Re: Template to create a type and instantiate it

2016-02-05 Thread Marco Leise via Digitalmars-d-learn
Mixin templates is the way to go if you want something new on
every use of the template. Otherwise using the template
multiple times with the same arguments will always give you
the first instance.

-- 
Marco



Re: Template to create a type and instantiate it

2016-02-05 Thread cy via Digitalmars-d-learn

On Saturday, 6 February 2016 at 06:39:27 UTC, Marco Leise wrote:
using the template multiple times with the same arguments will 
always give you the first instance.


Hmm, consider that the argument was a particular line of code 
though, and that's not likely to repeat. I didn't test what would 
happen if you did the same code twice, though...


Re: Template to create a type and instantiate it

2016-02-05 Thread cy via Digitalmars-d-learn
On Friday, 5 February 2016 at 07:44:29 UTC, Rikki Cattermole 
wrote:

That code is completely wrong anyway.


Well, obviously it's wrong. If I don't know correct code that 
will do what I want, then I can't tell you what I want using 
correct code.



But you could do:

alias Derp = TFoo;
Derp obj;


I wasn't trying to make instances of TFoo. I was trying to make a 
type on the spot every time TFoo is used.

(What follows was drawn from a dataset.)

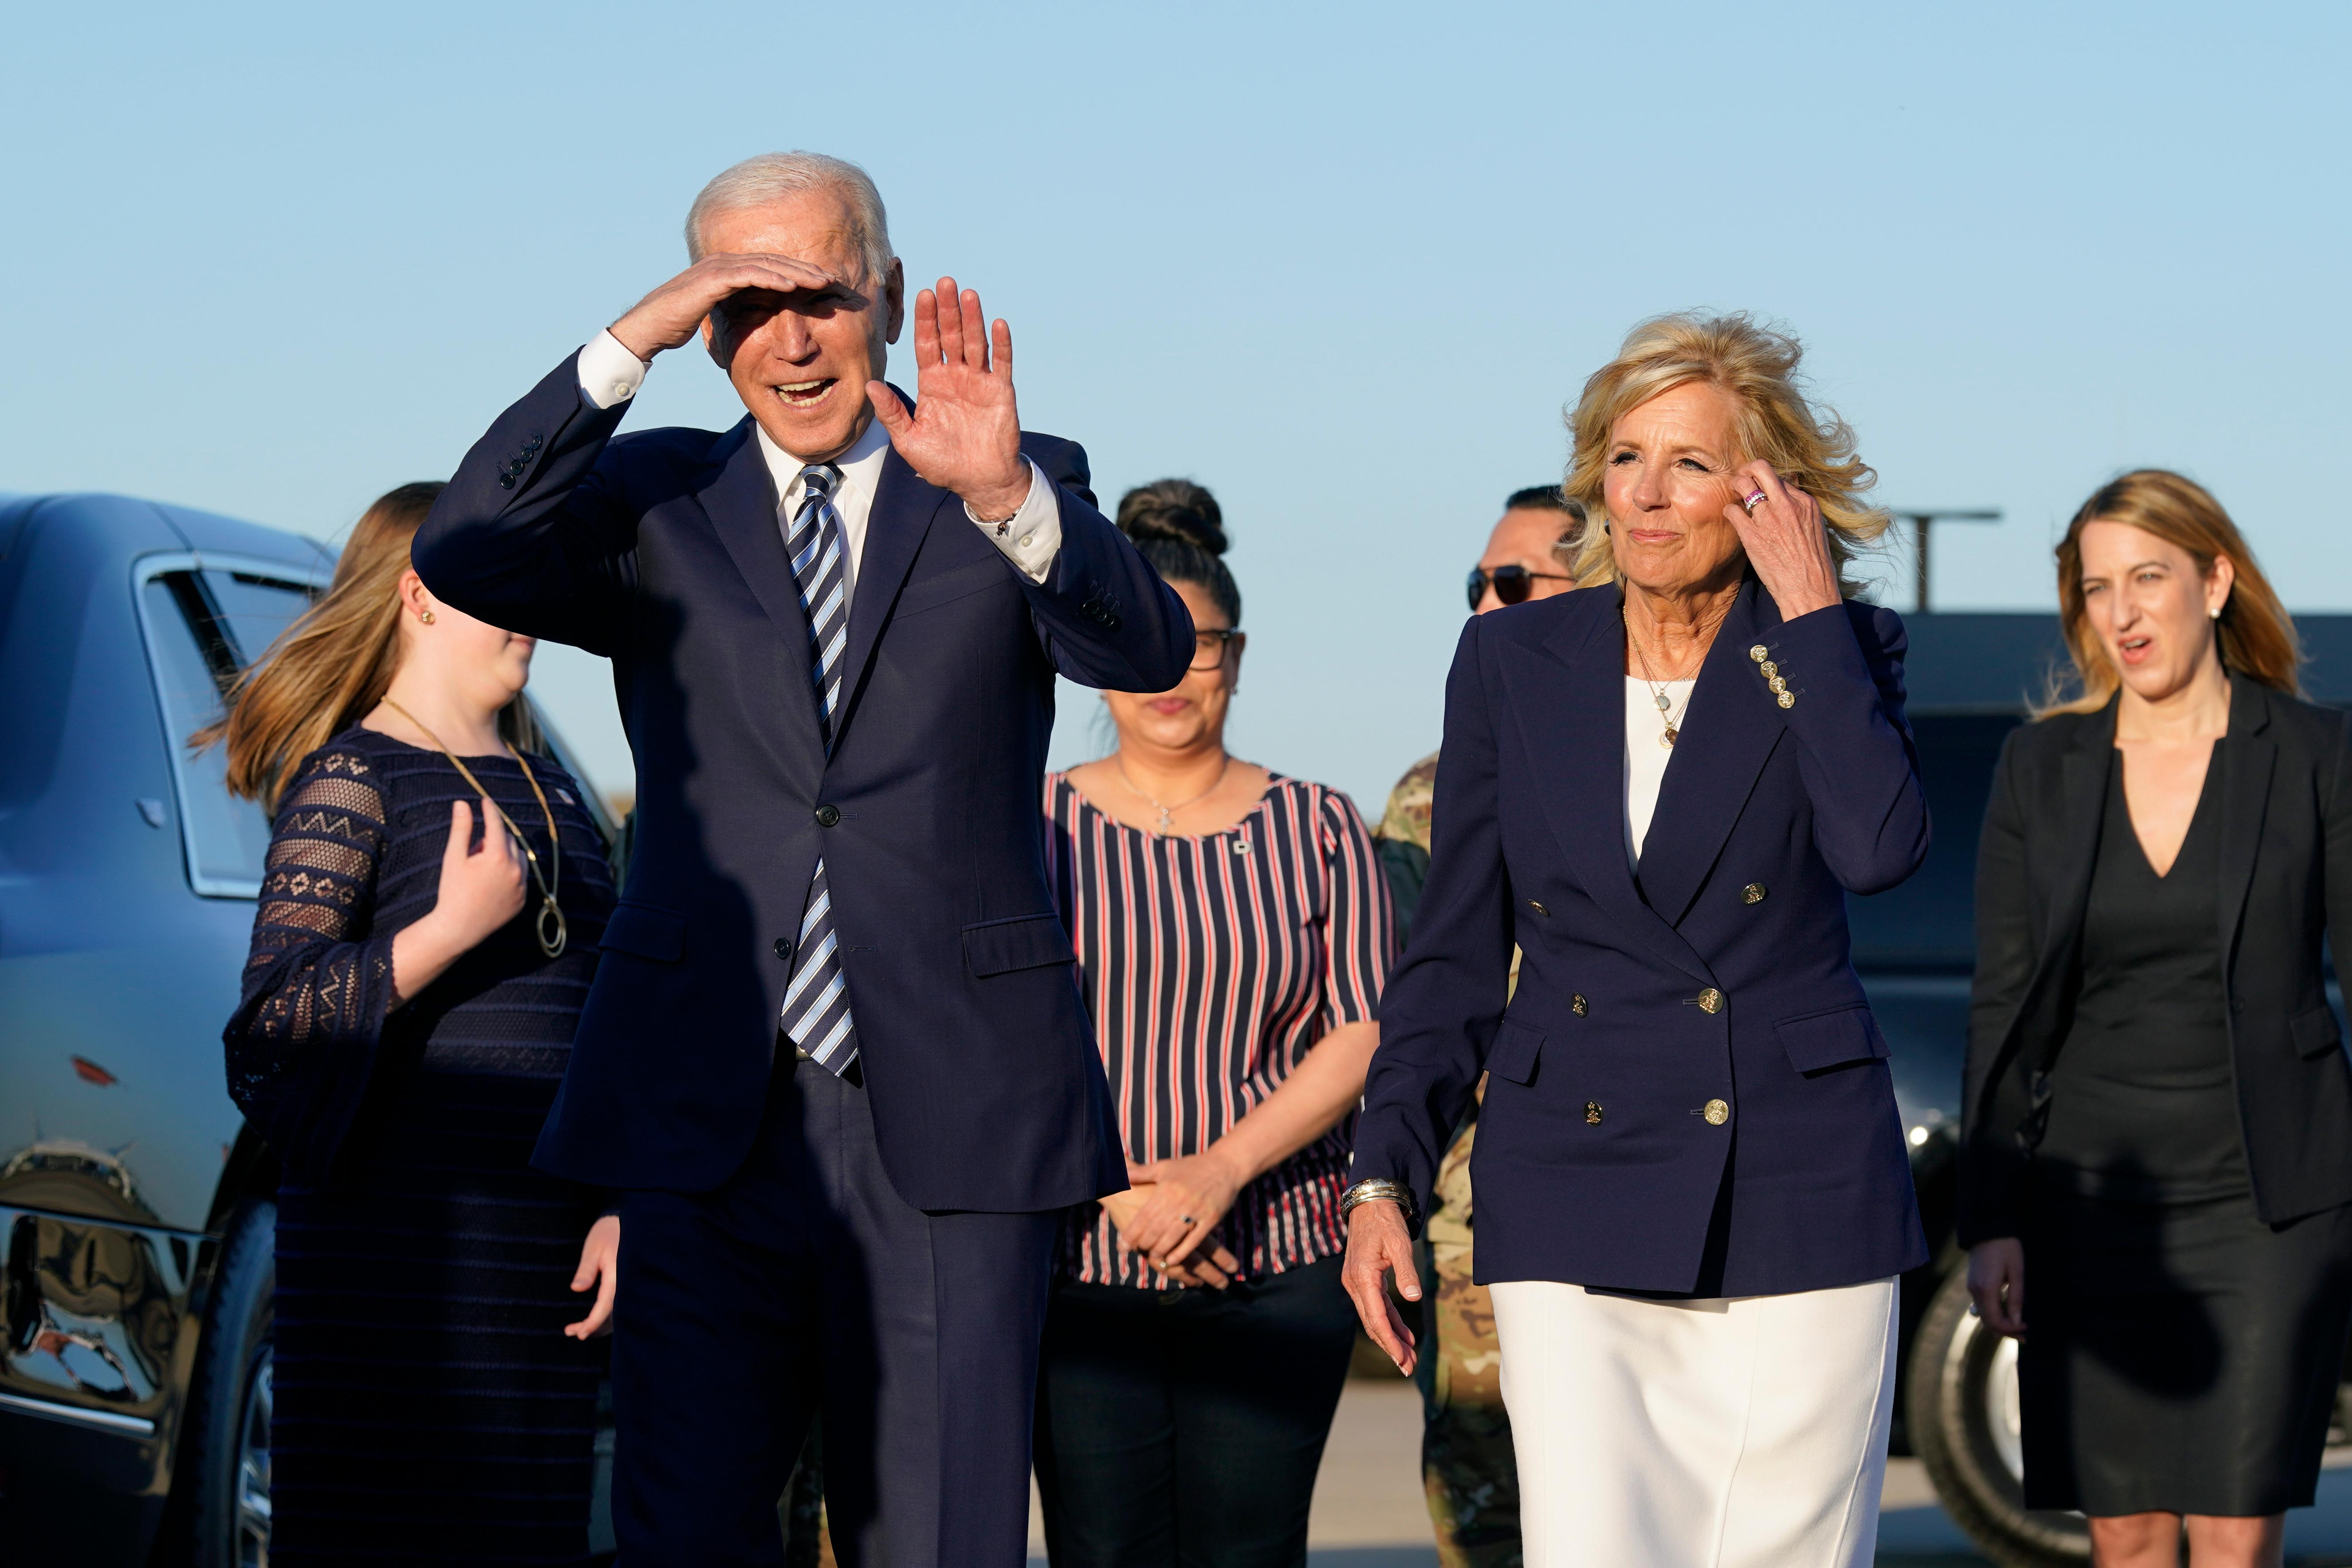 President Joe Biden and First Lady Jill Biden walk to a motorcade car after getting off Air Force One

Sort of like std.functional.unaryFun!, which I found since 
looking around for information about it. It looks like the key to 
doing it is using "mixin" inside the template declaration itself. 
Also in realizing that "template" can be treated like its own 
source code for the purpose of mixins.


template Thing(alias code) {
class Thing {
int a, b;
this() {
mixin(code);
}
static Thing instance;
static this() {
instance = new Thing;
}
}
}
import std.stdio: writeln;

mixin Thing!q{
writeln("a ",this.a," b ",this.b);
};

int main() {
writeln("the instance exists... somewhere...");
return 0;
}

You could also say alias Q = Thing!... if accessing Q.instance is 
important.


Re: Template to create a type and instantiate it

2016-02-04 Thread Rikki Cattermole via Digitalmars-d-learn

On 05/02/16 8:41 PM, cy wrote:

I'm guessing I have to use a "mixin" mixin for this, but... there's no
way to do something like this is there?

template TFoo(T) {

struct T {
   int a;
   int b;
}

T obj;
}

TFoo!Derp;
Derp bar;

Neither templates, nor mixin templates seem capable of this. Easy enough
to use mixin, with tokenized string literal format, I think. I just
hesitate to make opaque string evaluation a thing if some more
meaningful method exists.


That code is completely wrong anyway.
But you could do:

alias Derp = TFoo;
Derp obj;

struct TFoo {
int a, b;
}

Of course you can make TFoo a template so that alias could initiate it 
with your arguments.


Template to create a type and instantiate it

2016-02-04 Thread cy via Digitalmars-d-learn
I'm guessing I have to use a "mixin" mixin for this, but... 
there's no way to do something like this is there?


template TFoo(T) {

struct T {
  int a;
  int b;
}

T obj;
}

TFoo!Derp;
Derp bar;

Neither templates, nor mixin templates seem capable of this. Easy 
enough to use mixin, with tokenized string literal format, I 
think. I just hesitate to make opaque string evaluation a thing 
if some more meaningful method exists.